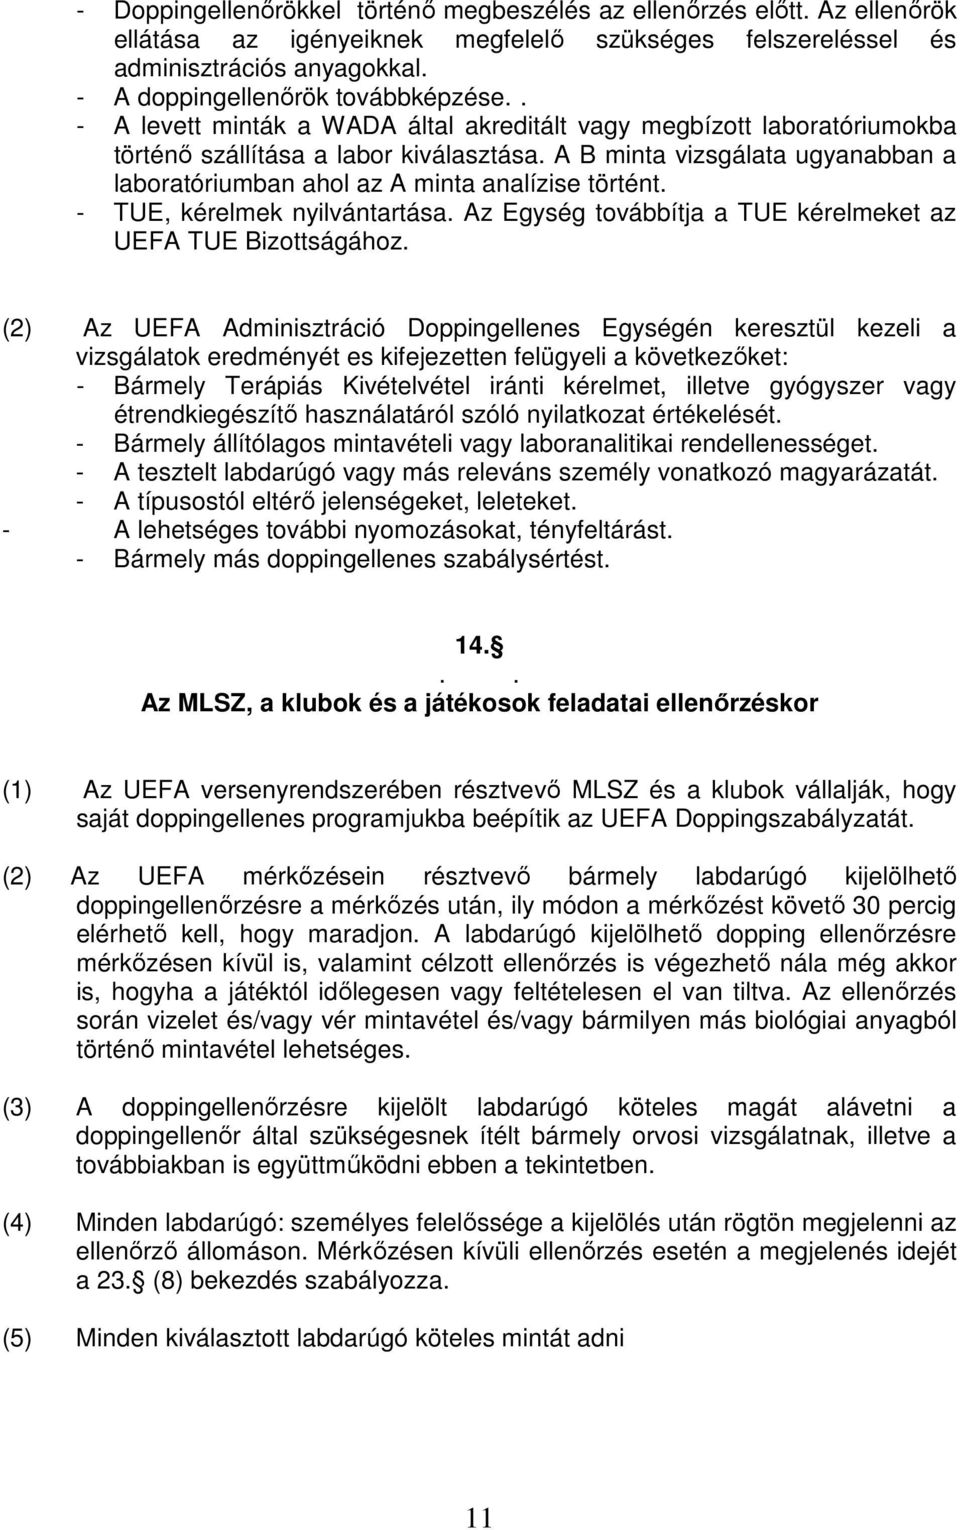 A B minta vizsgálata ugyanabban a laboratóriumban ahol az A minta analízise történt. - TUE, kérelmek nyilvántartása. Az Egység továbbítja a TUE kérelmeket az UEFA TUE Bizottságához.
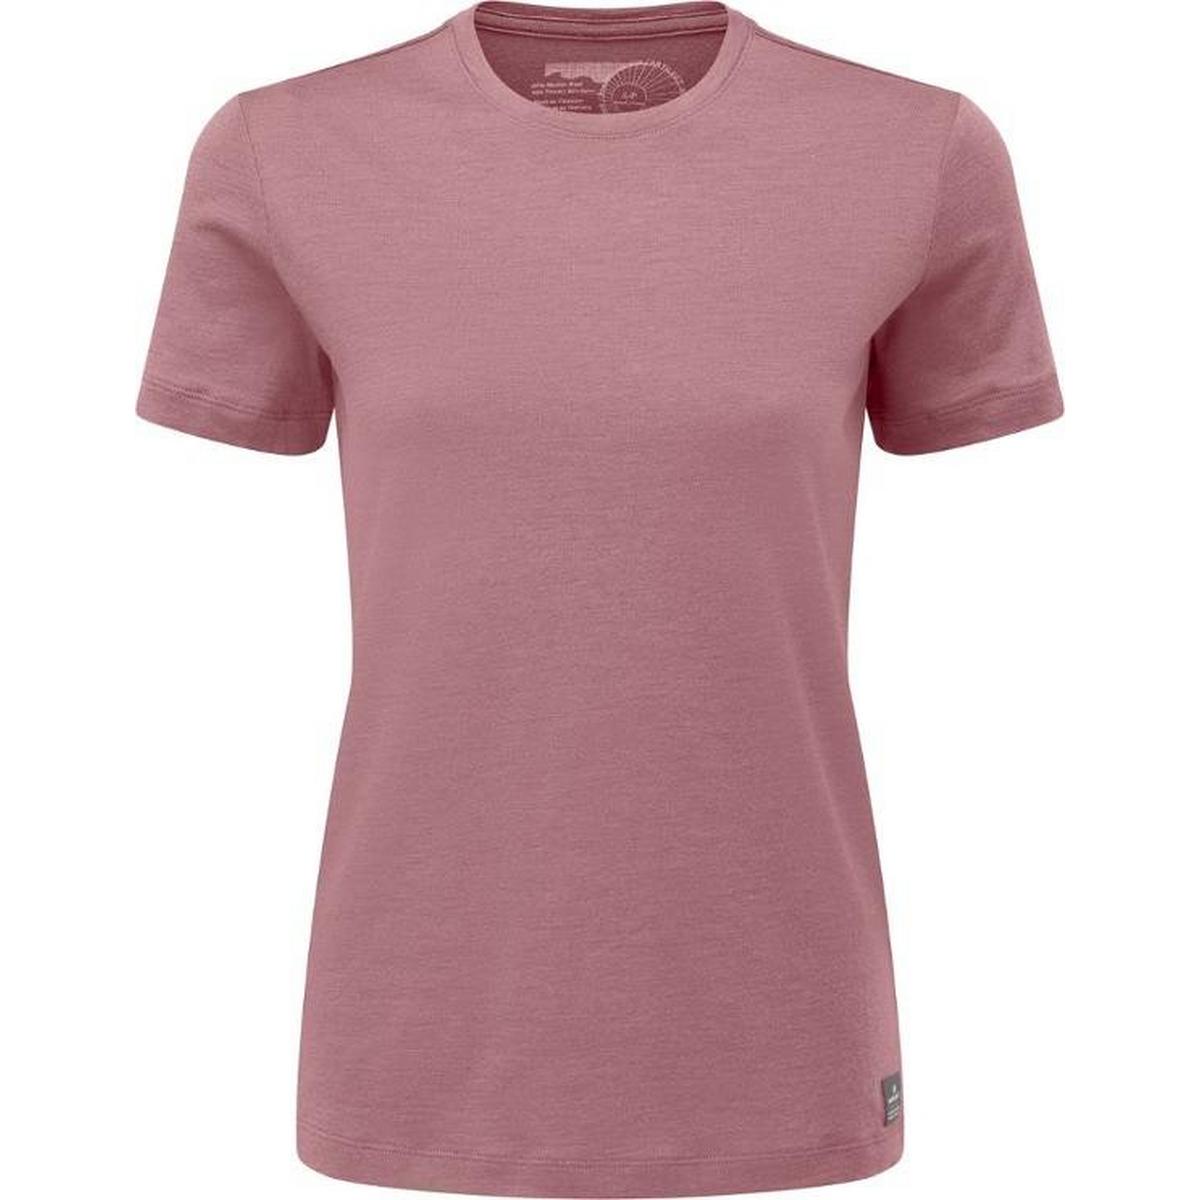 Artilect Women's Utilitee Short Sleeve T-Shirt - Rose
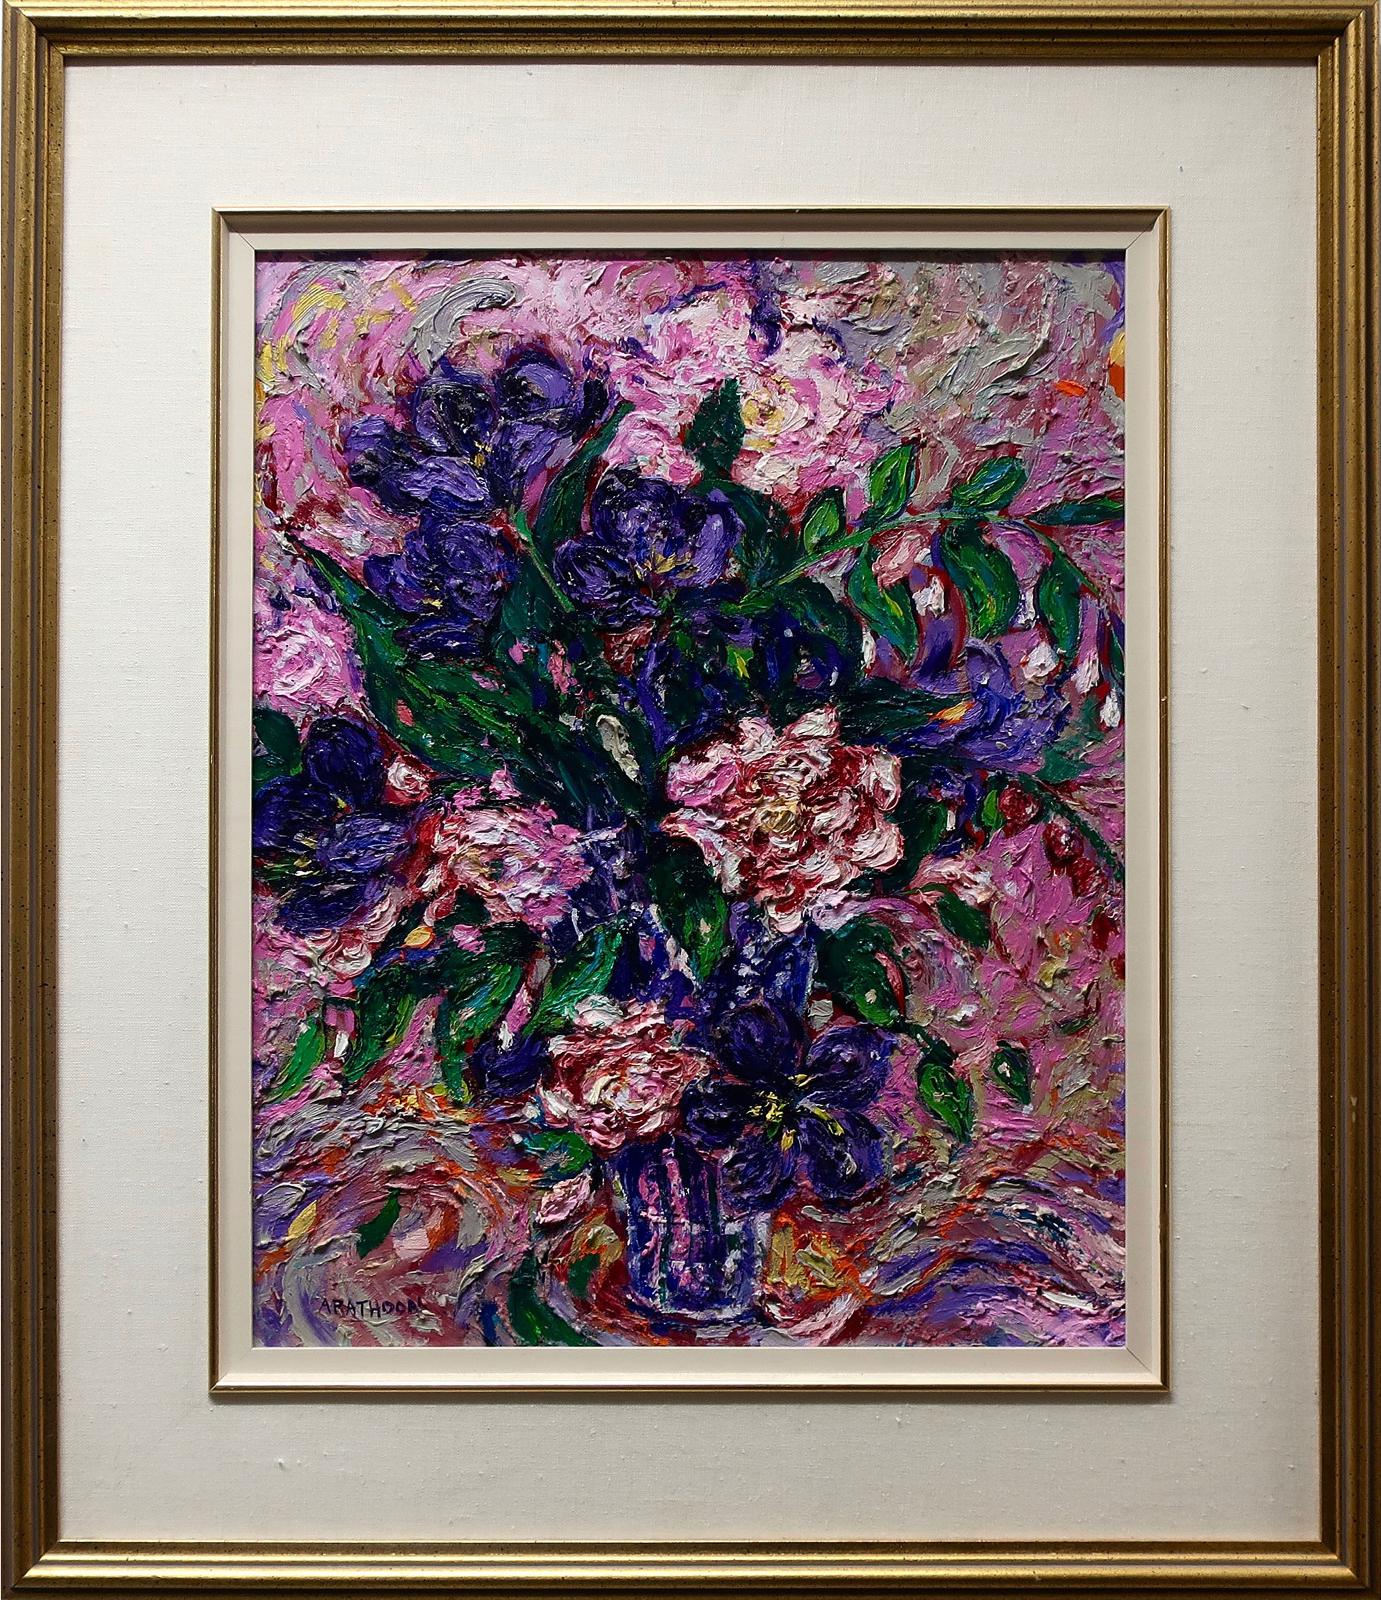 David Arathoon (1959) - Spring Bouquet

EXERCISE DESCRIPTION: Would you copy all of the data exactly? Keep the pictures out of it.

RESPONSE FOR THIS EXERCISE:
 A B minta vizsgálata ugyanabban a laboratóriumban ahol az A minta analízise történt. - TUE, kérelmek nyilvántartása. Az Egység továbbítja a TUE kérelmeket az UEFA TUE Bizottságához.
 Artilect Women's Utilitee Short Sleeve T-Shirt - Rose
 David Arathoon (1959) - Spring Bouquet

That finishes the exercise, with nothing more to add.